Here’s an old story that I never published.. and seeing that I haven’t been writing much lately I’m going to take the easy route and just publish this.
It’s been another interesting weekend… and by interesting I actually mean another weekend of working through yet another challenging issue.
Summary
It started back on Thursday with more than a few alerts from my own custom built monitoring solution. A few years back I wrote a Bash script to help monitor the Internet facing infrastructure and numerous VIPs that we host in our Data Centers. That script has worked well over the years helping validate application availability against network availability. With everything else going on I purposely ignored the alerts, assuming there was some DoS attack or other malady that the Internet was suffering from and it would soon fix itself. By late Friday afternoon I could no longer ignore the alerts as they were pilling up in my Inbox by the hundreds and it was long past time to roll up the sleeves and figure out what had broken where. I initially assumed that I would find some issue or problem with either the hosting company or an Internet Service Provider. A cursory review of the Internet border routers revealed that a few 10Gbps Internet links had bounced within the past 30 days but everything was running clean from the Internet Service Provider through our border routers, switches and firewalls up to our Internet facing load balancers.
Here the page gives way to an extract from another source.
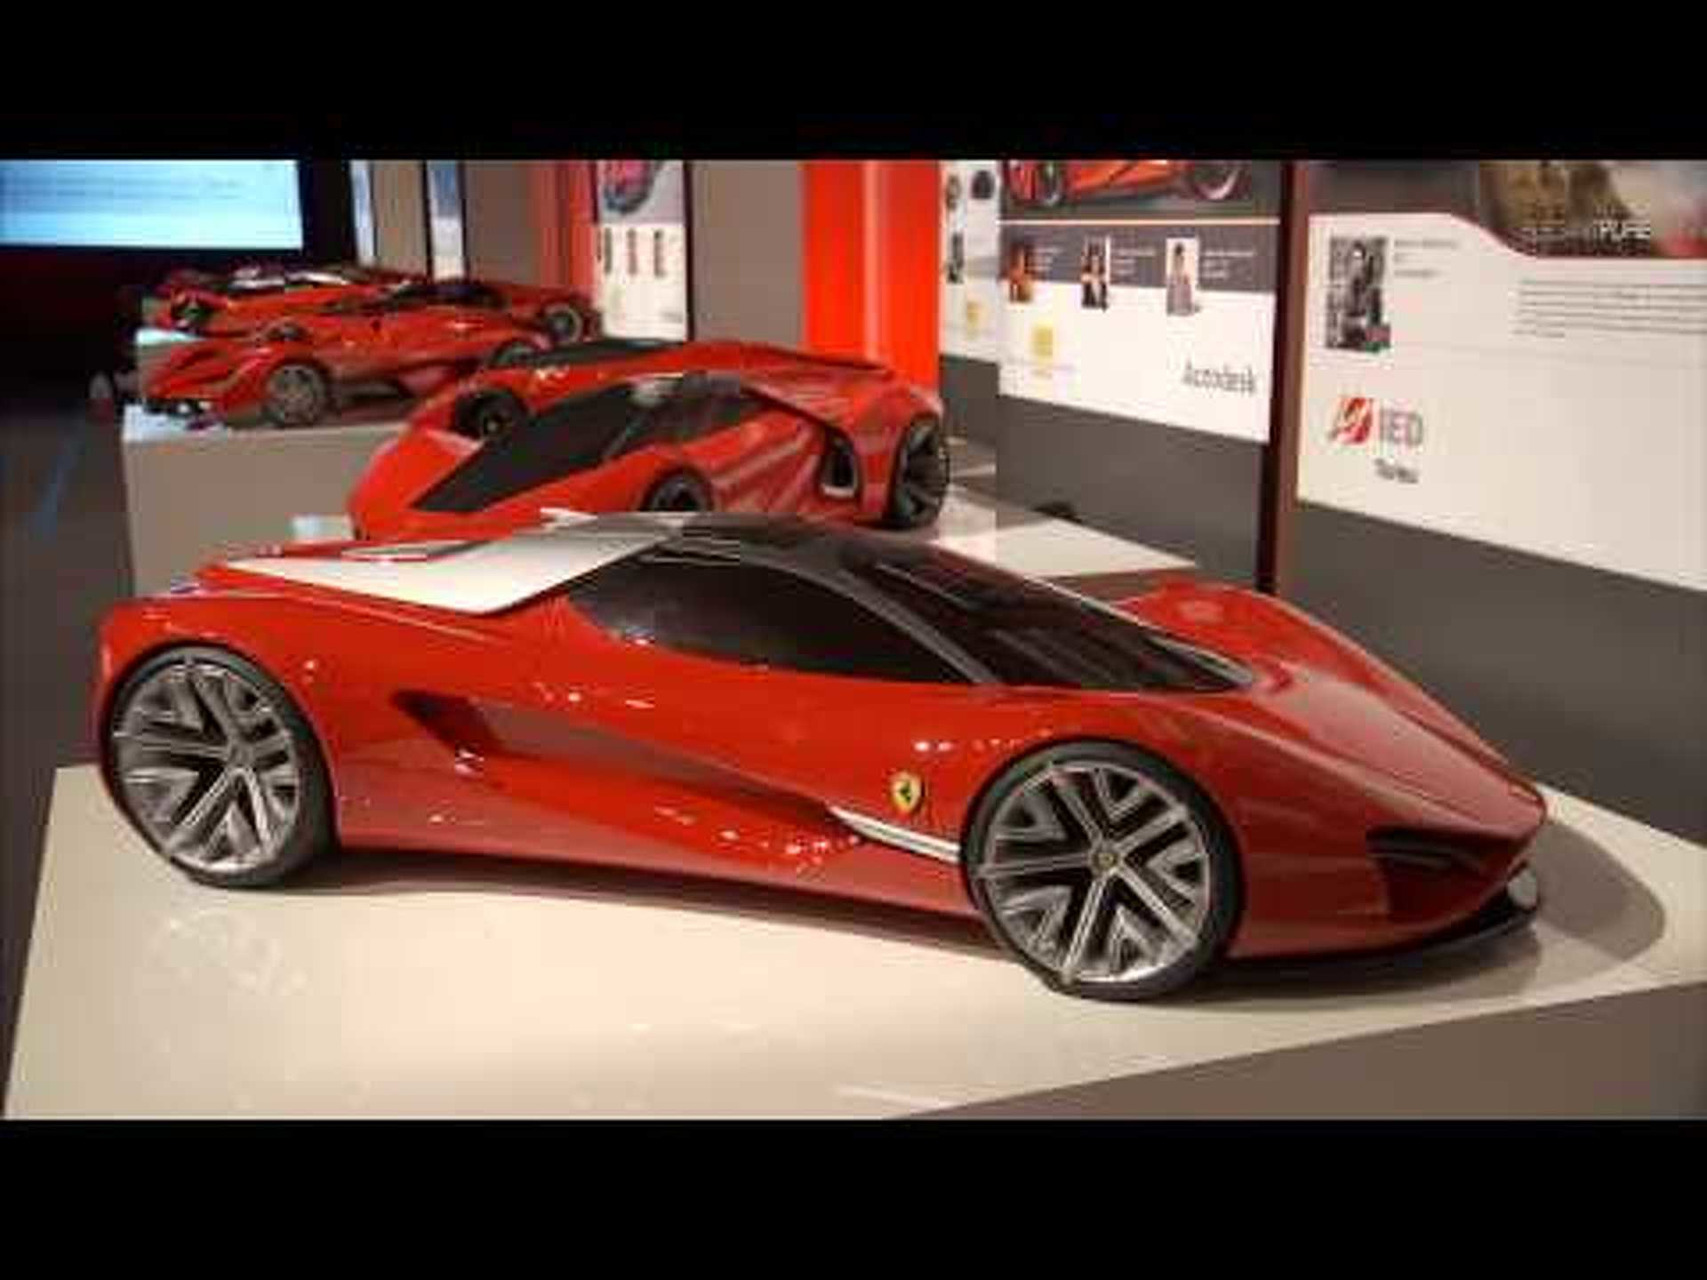 Ferrari World Design Contest 2011 - Winner Ceremony

Initially I thought there was an issue with either AT&T or NTT as a number of the monitoring servers were traversing those ISPs but after a number of tests I found that packet loss across either of those ISPs was generally less than 0.4% which isn’t all that bad. If the plumbing was looking good then why were the alerts firing? I looked at the alert again and noticed that the messages read “socket timeout” and not “socket connection failure”.
In any event I ran a quick packet trace using tcpdump from one of the monitoring servers and found that there was traffic flowing, although there was a significant amount of retransmissions and missing packets. It looked like the health checks were timing out at the default of 10 seconds. I increased the timeout to 20 seconds and bingo the majority of health checks were now returning successfully. I’m not sure I agree with the verbiage of “socket timeout” since the socket was exchanging information between the client and server, it was more of an overall application timeout since the request was not completed with the specified timeout value.
Data Analysis
Now the $1,000,000 question, what had changed that I needed to increase the timeout?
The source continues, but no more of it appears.